Le matin tu te réveilles. Tu vois la lueur du jour nouveau poindre entre les cimes des épinettes et les
nuages aux couleurs changeantes. Tu es bien, tu te réveilles tranquillement. Tu sens ces petits
gargouillements dans le fond de ton estomac. Ô que tu remercies chaque jour le privilège que tu as de
savourer ces délices que tu as récoltés et transformés de tes propres mains... Les délicieuses pommes de
terre rissolés, cultivées dans le sable du bord de mer. Tu les fait cuire dans le gras du bacon des gentils
cochons de ton voisin. Tu agrémentes le tout d'une généreuse portion de choucroute aux épices boréales
fermentée avec amour.

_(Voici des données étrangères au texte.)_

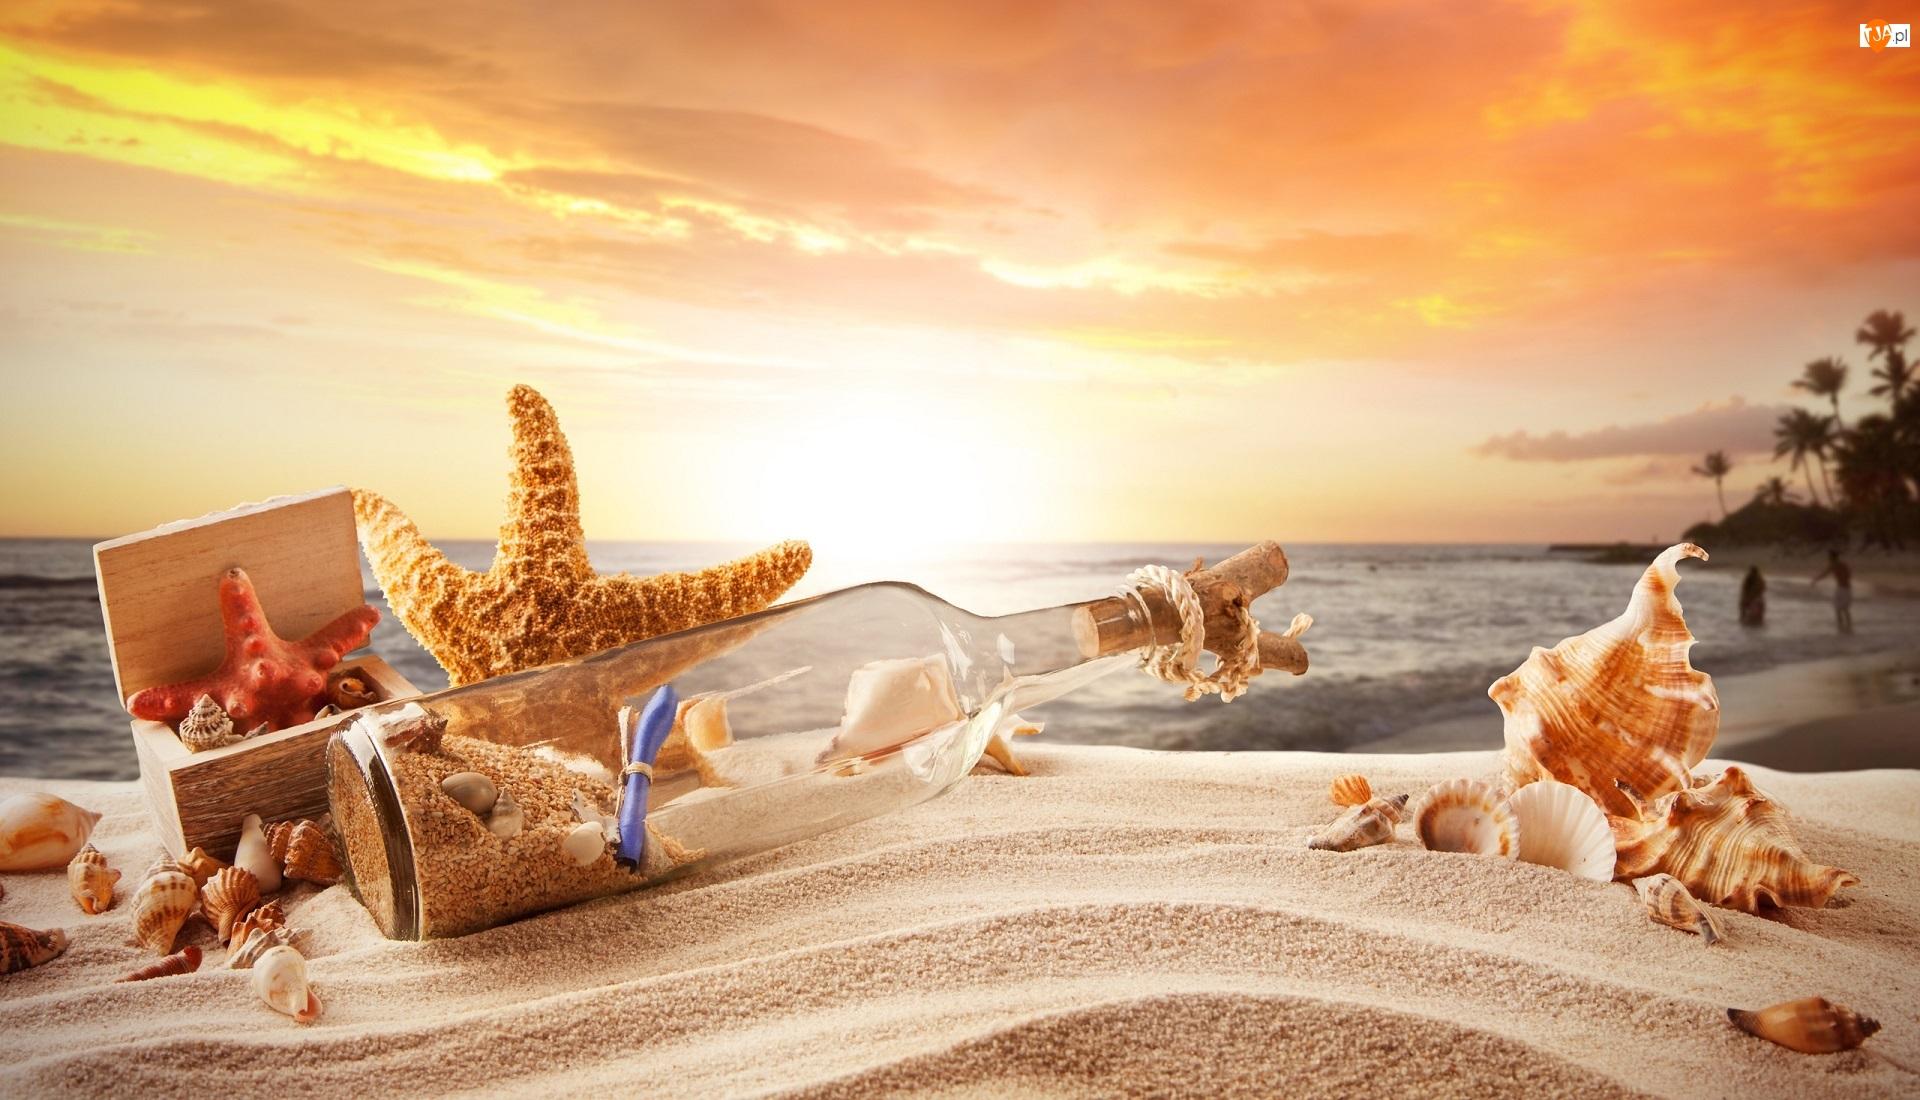 Morze, Zachód słońca, Muszelki, Rozgwiazdy, Plaża, Butelka

Sans oublier bien sur le plus exquis, goûteux et dégoulinant : l’œuf au jaune-
orange coulant que tes adorables poulettes pondent et pondent à l'infini, chaque jour, beau temps,
mauvais temps. Et c'est cela aussi qui rend ton matin si excitant : en sortant de ton lit, tu sortiras dire
bonjour à l'air frais, matinal et vivifiant, pour aller à la rencontre de tes tendres poulettes. Et donc tu
sors, et tu marches, et la mer te souris et te fais un immense câlin, sonore et vibrant. Et tu chantes, et tu
siffles. Et sur ton chemin les corneilles et les pies virevoltent et te répondent. Lorsque tu ouvres la porte
du poulailler, les volailles adorées s'empressent de venir te dire bon matin. Elles te reconnaissent, tu les
reconnais, vous êtes contentes de vous retrouver. Elles sont curieuses de découvrir quelles gâteries tu
leur amène, de goûter quelle médecine tu vas mettre dans leur eau. Tu aimes prendre note de leurs
aliments favoris et de t'étonner que, comme toi, elles adorent manger des œufs. Tu t’assoies dehors, tu
les regardes picorer les grains, les légumes et les insectes. Tu allumes une cigarette roulée dont tu
savoures chaque bouffée.Le vent caresse ta peau, le soleil réchauffes tes joues. Tu chantes une chanson
pour tes amicales amies à plumes et tu rigoles de les voir tourner la tête quand tu pousses certaines
notes. Tu t'amuses à écouter les différents piaillements, cris, chants et roucoulement des poulettes qui
jouissent simplement d'être en vie. Tu t'émerveilles de la puissance du chant du coq. Tu le regardes,
fier. Tu apprécies sa posture altière, veillant sur ses poules avec devoir et sérieux. Tu te dis : ''Why so
serious?'', et tu ris. Tu apprécies la soyeuse cascade des plumes de sa grande queue, argentée, verte
métallique, miroitante. Tu regardes le motif distinct et particulier de chaque volaille. Quelle prodigieuse
création que ces plumes d'oiseaux. Rousse tachetée de beige, blanche herminée de noir, fauve-rosée
camaillée, tu te perds dans leurs motifs hypnotisants. Et ensuite tu te lèves, et pars à la découverte du
trésor. Ce trésor tellement quotidien mais donc tu t'émerveilles toujours autant. Tu entres dans le
pondoir et tu les vois. Danse creux du nid, tous collés les uns sur les autres, à la coquille délicate teintée
de toutes les nuances que tu peux imaginer : rosée, turquoise, brun pâle, brun foncé, blanc, bleu clair...
Et tu les prends ces œufs-petits-trésors, tous chauds encore dans le creux de ta main. Délicats et
fragiles, nourrissants et énergisants. Et tu remercies la vie, et tu retournes chez toi, le cœur déjà nourri
de bonne heure et de bonne humeur ce matin.